*** Data segment ***
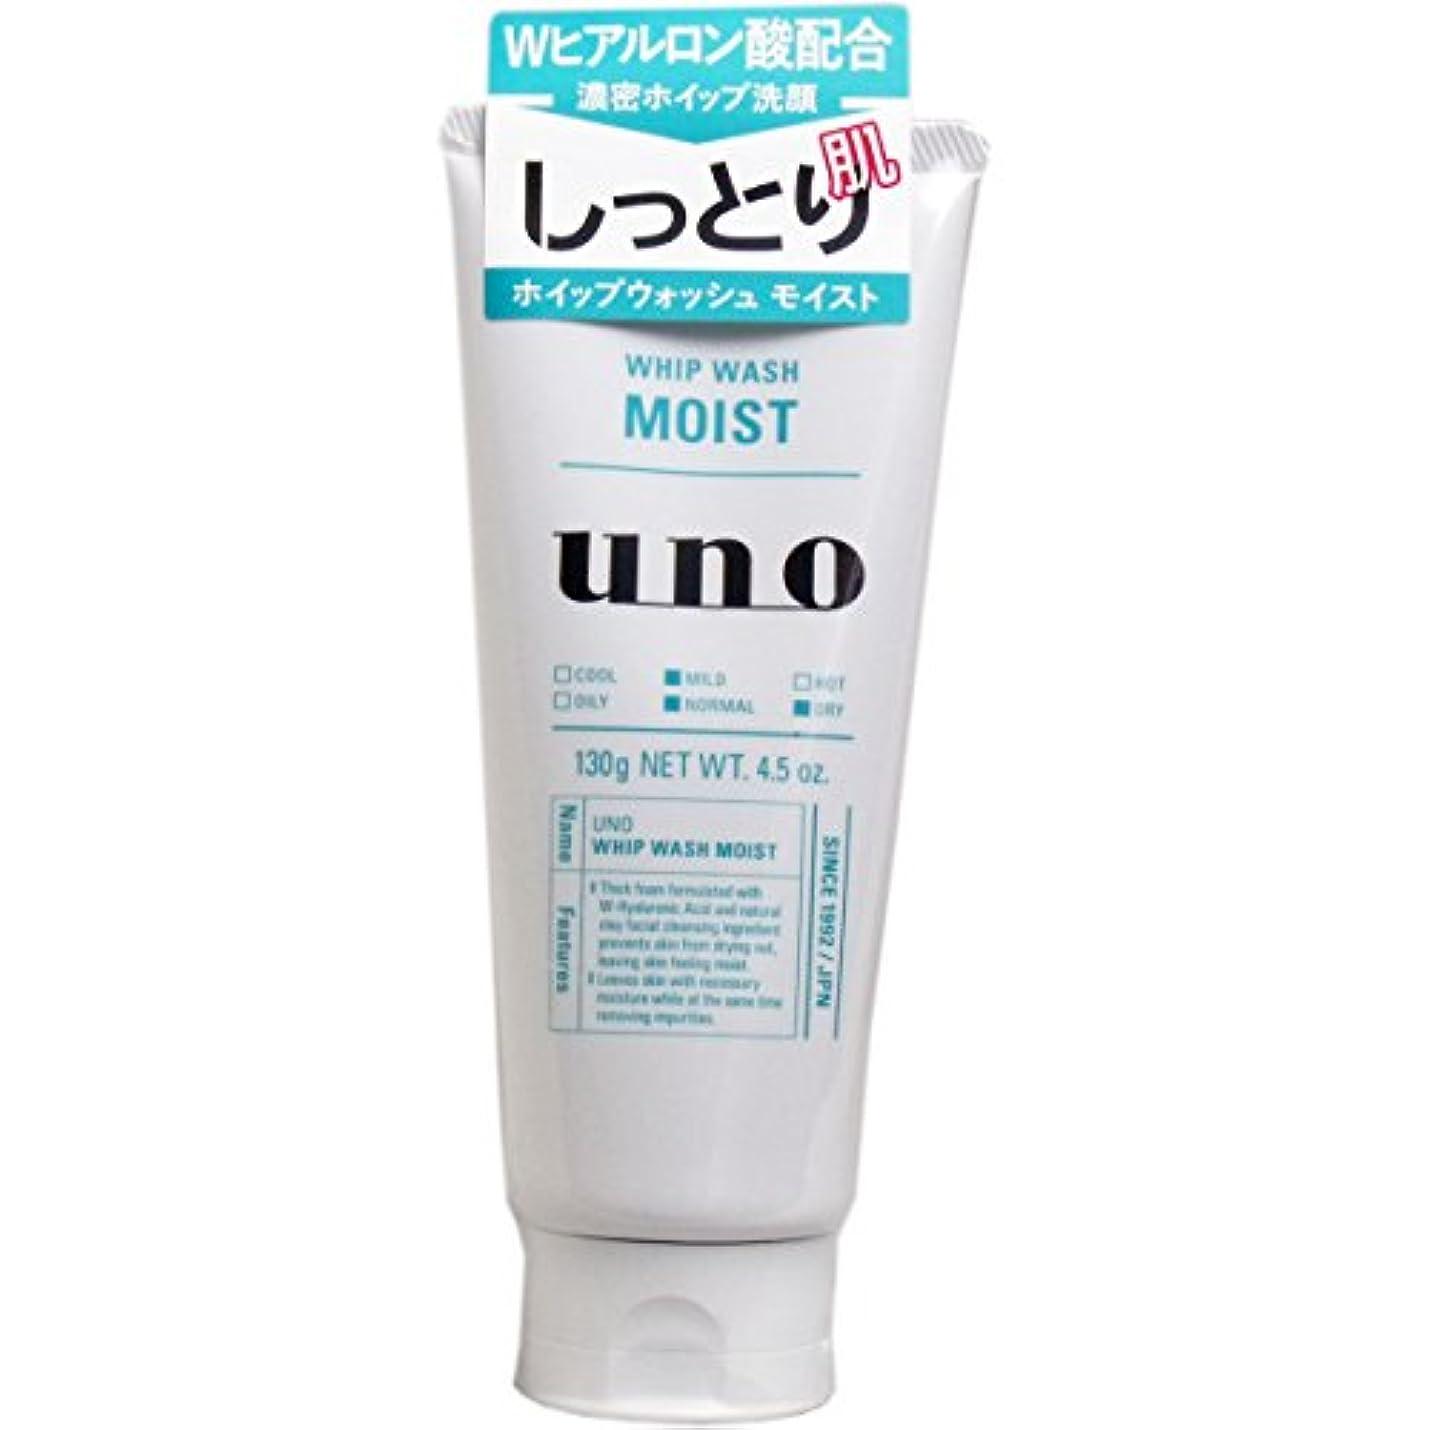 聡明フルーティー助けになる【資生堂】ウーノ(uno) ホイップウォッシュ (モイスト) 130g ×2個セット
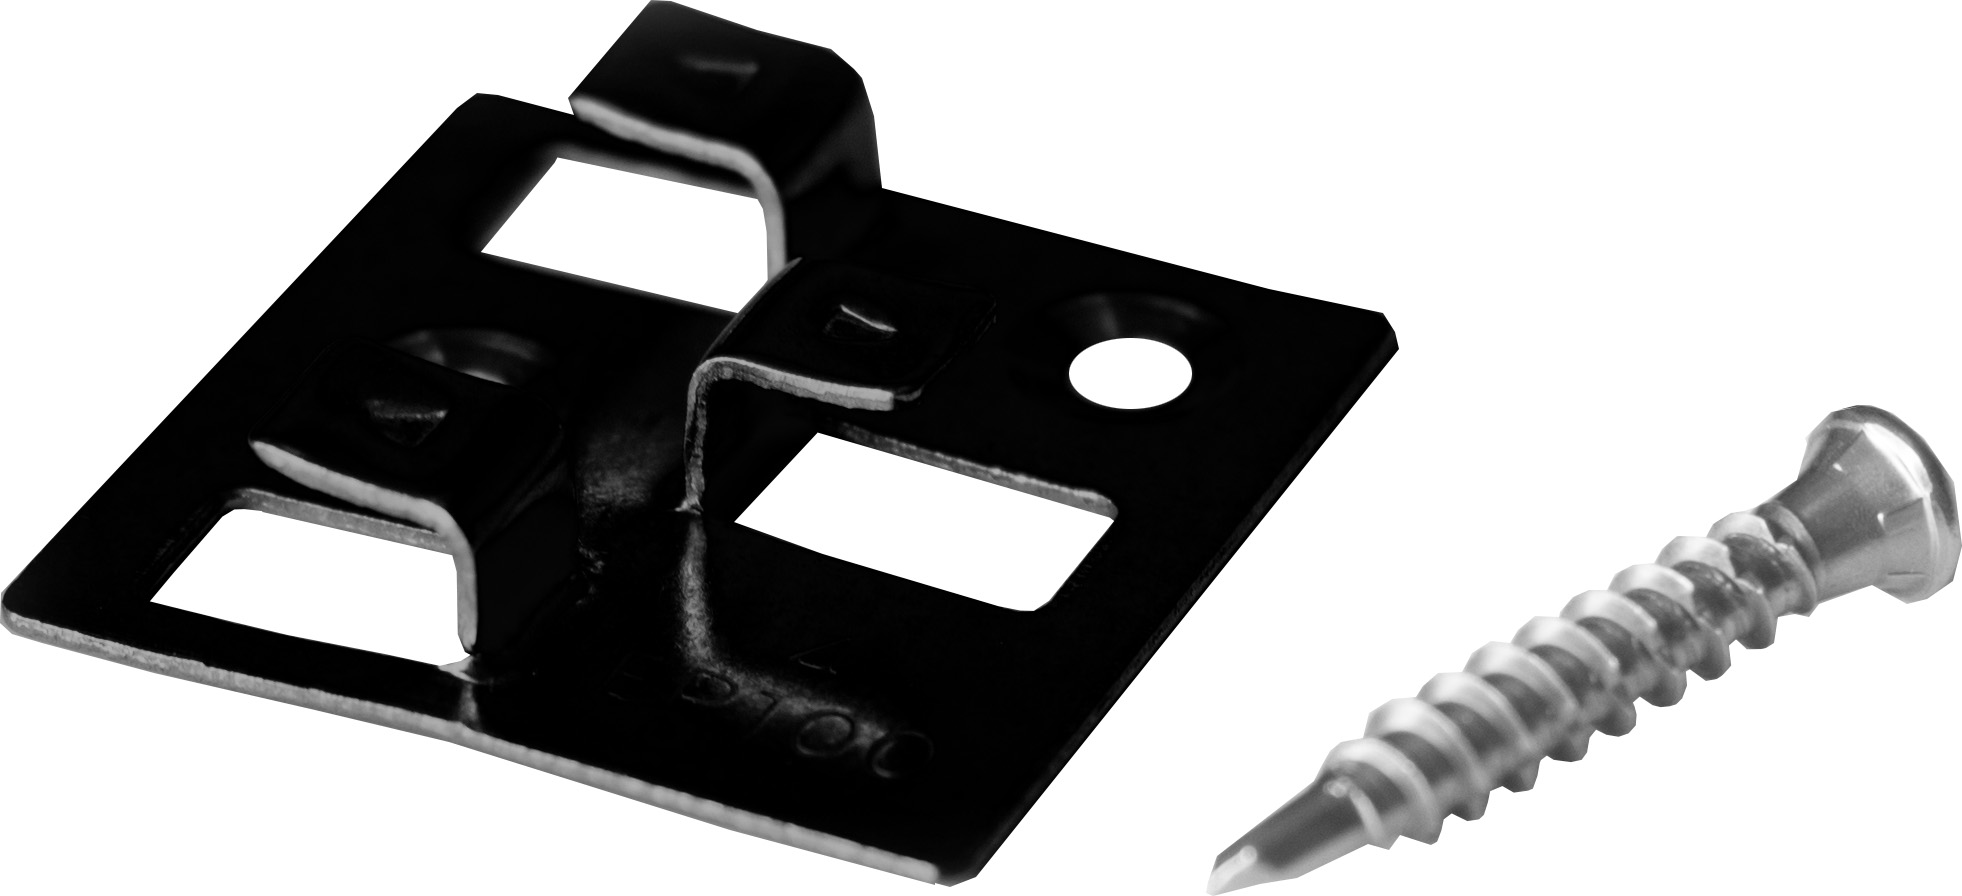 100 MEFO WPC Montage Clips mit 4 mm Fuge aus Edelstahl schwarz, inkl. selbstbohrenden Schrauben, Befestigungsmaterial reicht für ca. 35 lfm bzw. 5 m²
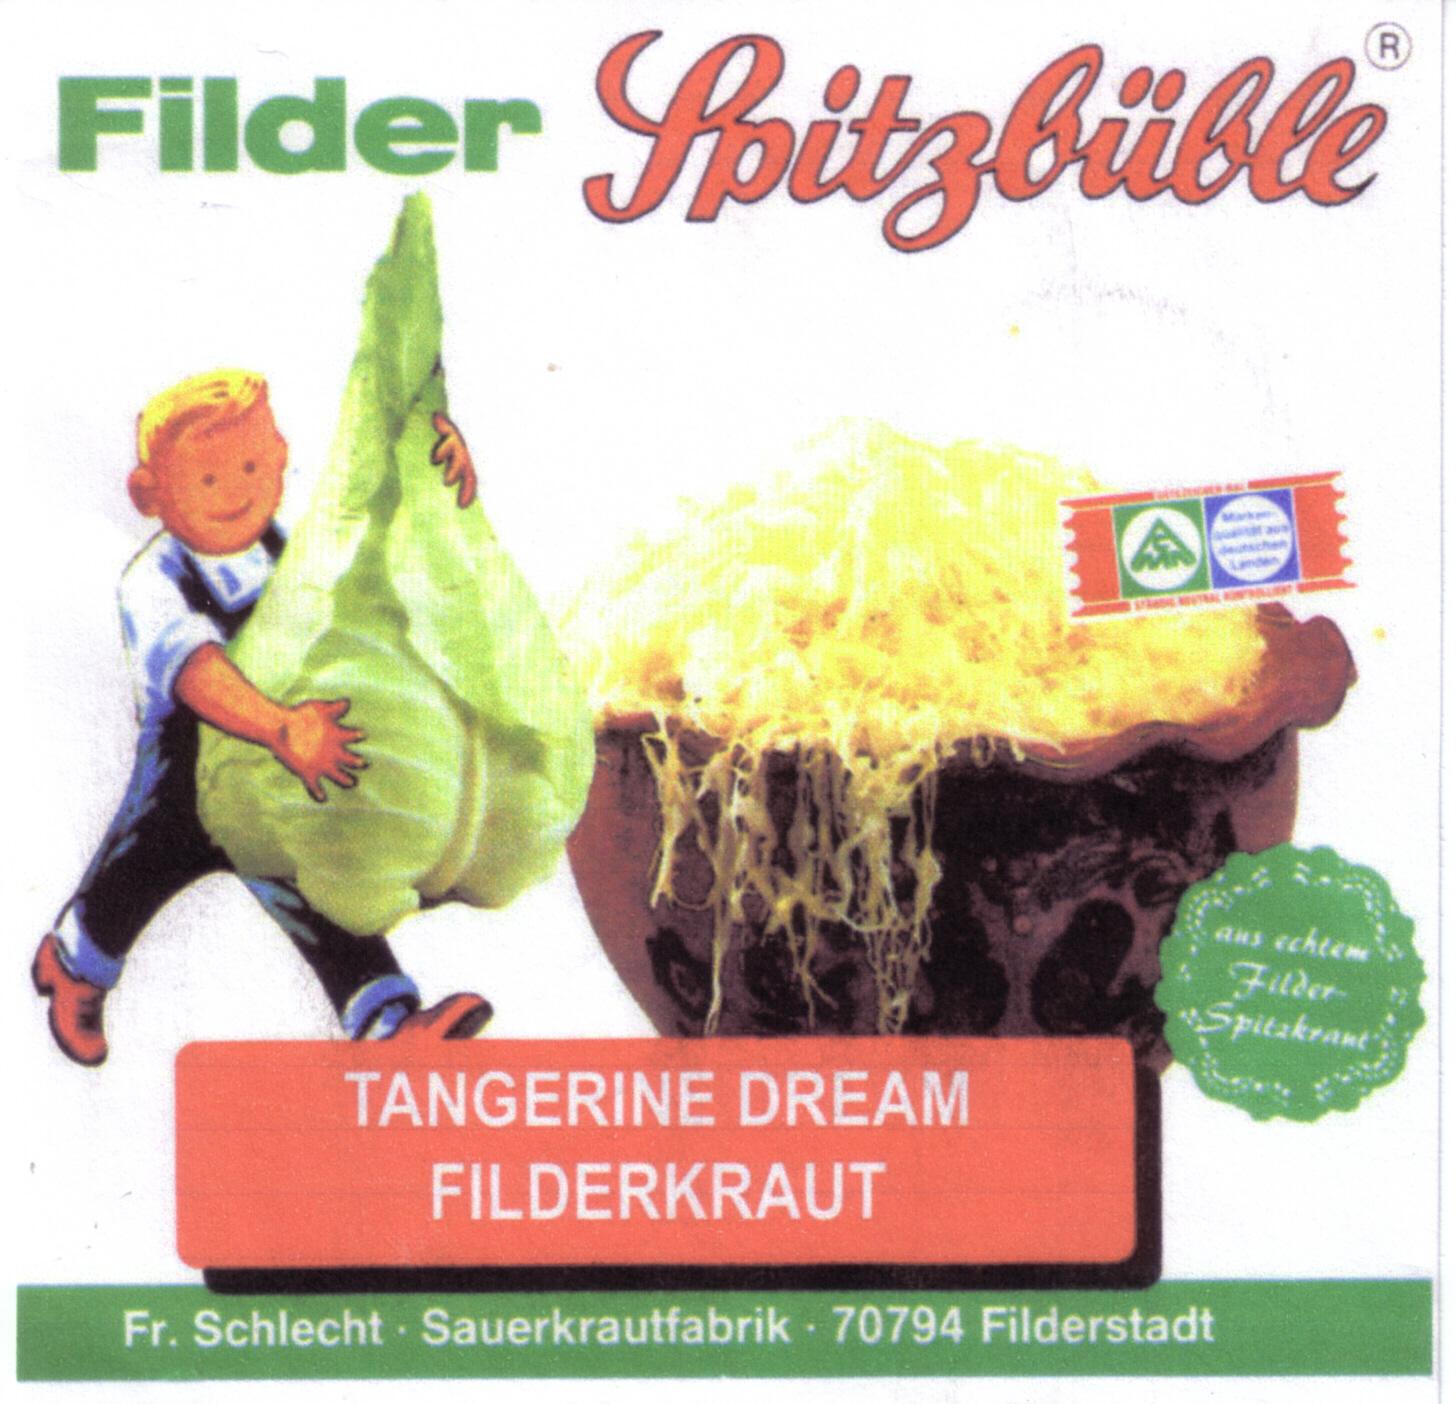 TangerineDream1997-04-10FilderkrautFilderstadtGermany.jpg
*** End of Data segment ***
### Requirement
When you write out the data, keep every line exact and drop the pictures.

### Your solution
 聡明フルーティー助けになる【資生堂】ウーノ(uno) ホイップウォッシュ (モイスト) 130g ×2個セット
 100 MEFO WPC Montage Clips mit 4 mm Fuge aus Edelstahl schwarz, inkl. selbstbohrenden Schrauben, Befestigungsmaterial reicht für ca. 35 lfm bzw. 5 m²
 TangerineDream1997-04-10FilderkrautFilderstadtGermany.jpg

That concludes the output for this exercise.